May 12 2006 12:00 AM ET

Next time you
find yourself in a crowd of 5,000 people, consider this: In
the crowd there will be on average one person living with
muscular dystrophy. There will also be on average two
people who have already undergone male-to-female
sex-reassignment surgery. And there may as many as 75
in that crowd who fall under the transgender umbrella. Are
you surprised?

For years, the
only statistics available on transgender prevalence were
those first developed in the 1960s and 1970s. These
statistics, as still cited in the American Psychiatric
Association’s most recent Diagnostic and
Statistics Manual,
DSM-IV, “suggest
that roughly one per 30,000 adult males and one per 100,000
adult females seek [sex-reassignment surgery].”

Thank goodness
Lynn Conway could not believe these low numbers. Lynn is a
noted computer scientist and distinguished professor emerita
of engineering who transitioned from male to female in
the 1960s and then lived “stealth,” or
closeted about her transgender status, before coming
out in 2000 (more about “stealth,” and Lynn,
in upcoming columns). Shortly after her coming-out,
Lynn turned her highly analytical brain toward
understanding the statistics.

Her skepticism
was based on simple reasoning. If the psychiatrists were
right, there would be only three or four thousand MTFs in
the United States who had ever sought surgery.

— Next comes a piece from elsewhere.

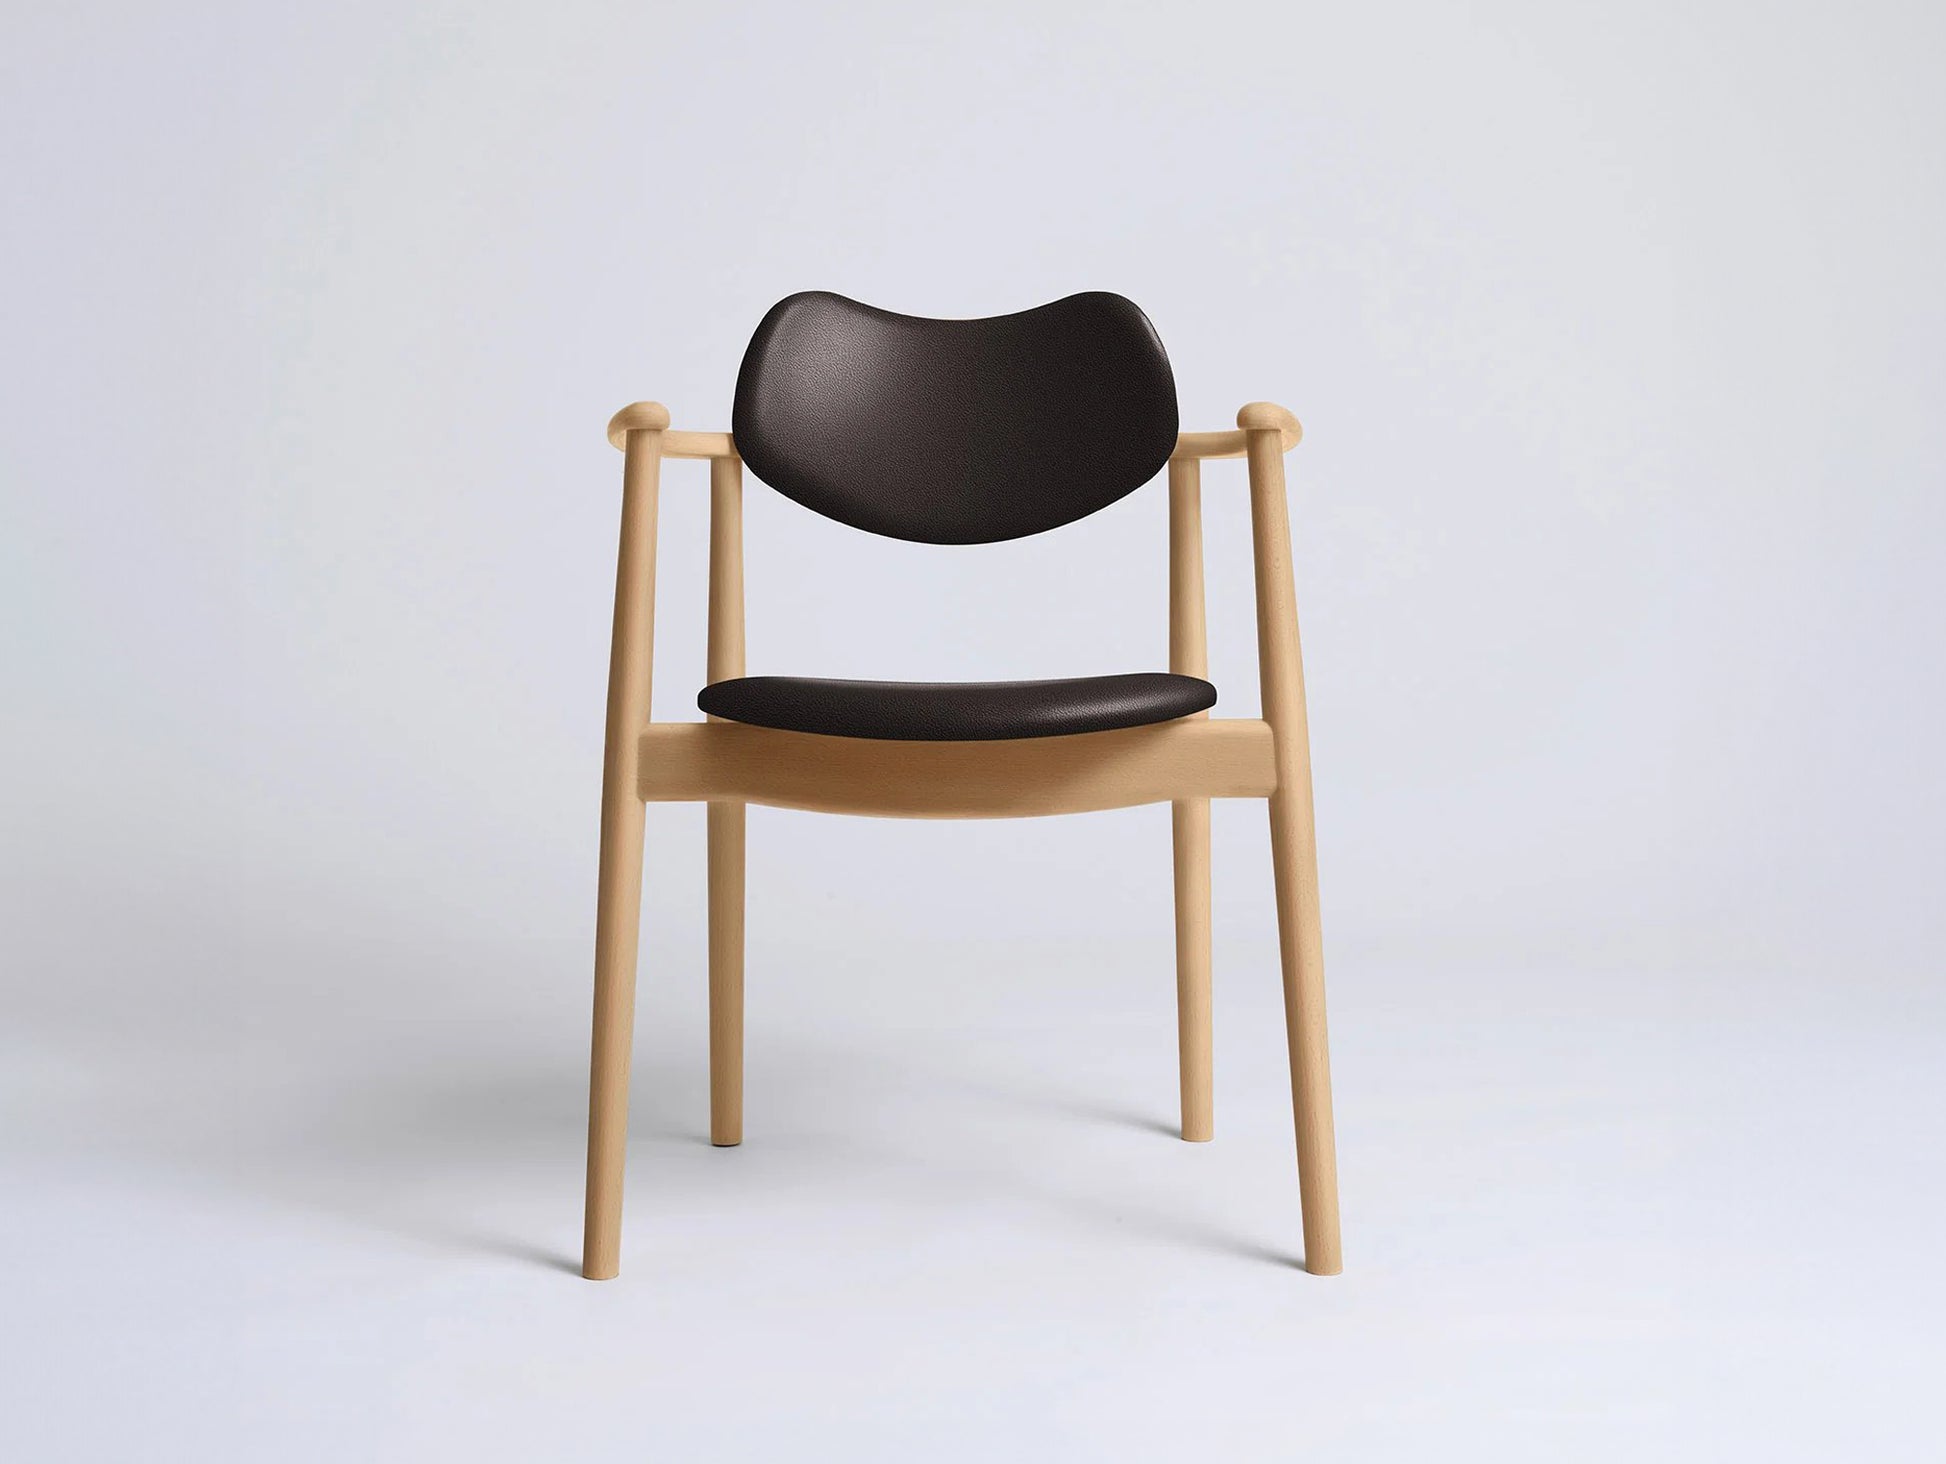 Regatta Chair Seat and Back Upholstered by Ro Collection - Oiled Beech / Standard Sierra Dark Brown Leather

Under
the optimistic assumption that only 20% or so would
have been able to afford or attain surgery, there
would be fewer than 800 postoperative women in the country
today. Impossible, she cried, given that the top
sex-reassignment surgery surgeons in the United States
alone perform that many MTF SRS operations every
single year.

Lynn then
extended her logic to come up with much more realistic and
believable numbers for transsexuals and then the entire
transgender population, revealing large errors in the
psychiatrists’ old claims. All of Lynn’s
reasoning and estimates are detailed on her tremendously
valuable Web site, www.lynnconway.com.

Why don’t
we have better “official numbers?” Lynn
postulates that (1) psychiatrists don’t
question the numbers because they don’t see the
significant number of transsexuals who manage to transition
without their “help,” and (2) because
more accurate numbers showing a much larger prevalence
would be bad for the psychiatry business—and its bias
toward marginalizing transsexualism as an extremely
rare “mental illness.”

So what about
statistics for female-to-male trans people? The old
official stats imply that there are less than a third as
many FTMs as MTFs. I used to believe that. After all,
when I first started attending transgender
conferences, the attendees were overwhelmingly individuals
presenting as females. And then one day, wanting to know
more about the seemingly elusive FTMs, I read Jamison
Green’s fabulous book, Becoming a Visible Man. 

James is a
charismatic (and handsome, even to this lesbian) writer and
activist who transitioned FTM in the late 1980s. In his
book, James states the obvious: FTMs were simply not
interested in the feminine grooming tips and female
hormones being discussed in conferences and support
groups that largely catered to MTF trans people. But gender
counseling providers assumed the groups had broader appeal
and that the men actually stayed away to be
self-sufficient like “other” men. This
became self-perpetuating when the professionals actively
told patients that men “like to go it
alone.”

James showed how
this thinking deprived FTMs of role models, and more
importantly of an awareness of just how many others were out
there. Fortunately the treatment of FTMs is much less
monolithic these days, and FTMs have learned that
“communication among men does not threaten their
independence.” There are now FTM-centric conferences
like True Spirit and Gender Odyssey, and FTMs are now
quite visible in the LGBT community and on college
campuses across the country. Current thinking is that the
prevalence of FTMs is much closer to the prevalence of MTFs.

But my fellow
trustees at the Point Foundation are convinced that there
are considerably more FTMs. We award scholarships to
undergraduate and graduate students whom we feel will
be the LGBT leaders of tomorrow. Our evaluation
process is rigorous. That process has resulted in seven of
the 77 scholarships to date going to transgender
students, and all seven of them were FTMs. This year I
personally reviewed the applications from all of the
transgender students, and I was stunned to see that well
over 80% were from FTMs. Where are all the MTFs?

I asked Lynn
Conway, who as a professor emerita spends a fair amount of
time on college campuses, for her take on this. Lynn points
out that while accepting of girls who present as
“tomboys,” our society still has
incredibly deep hang-ups about boys presenting in a feminine
way. This stigmatization results in an alarming number
of young MTF kids being thrown away or disowned by
their parents, even before they reach college age.

Of the MTFs who
do manage to enter college, the vast majority remain
totally closeted so as to avoid ostracism. Lynn also notes
that some campus LGBT offices remain dominated by
second-wave feminist thinking, which tends to look
askance at anyone who appears to them to preserve
feminine stereotypes. Although such offices may honor the
FTM in transition, they often aren’t places
where young MTFs feel welcome, leading to a big
asymmetry in visible numbers on campuses.

It is situations
like this that limit awareness of the size of the
transgender population. There actually are a lot of us, and
only when the transgender stigma finally crumbles will
everyone finally see all of us.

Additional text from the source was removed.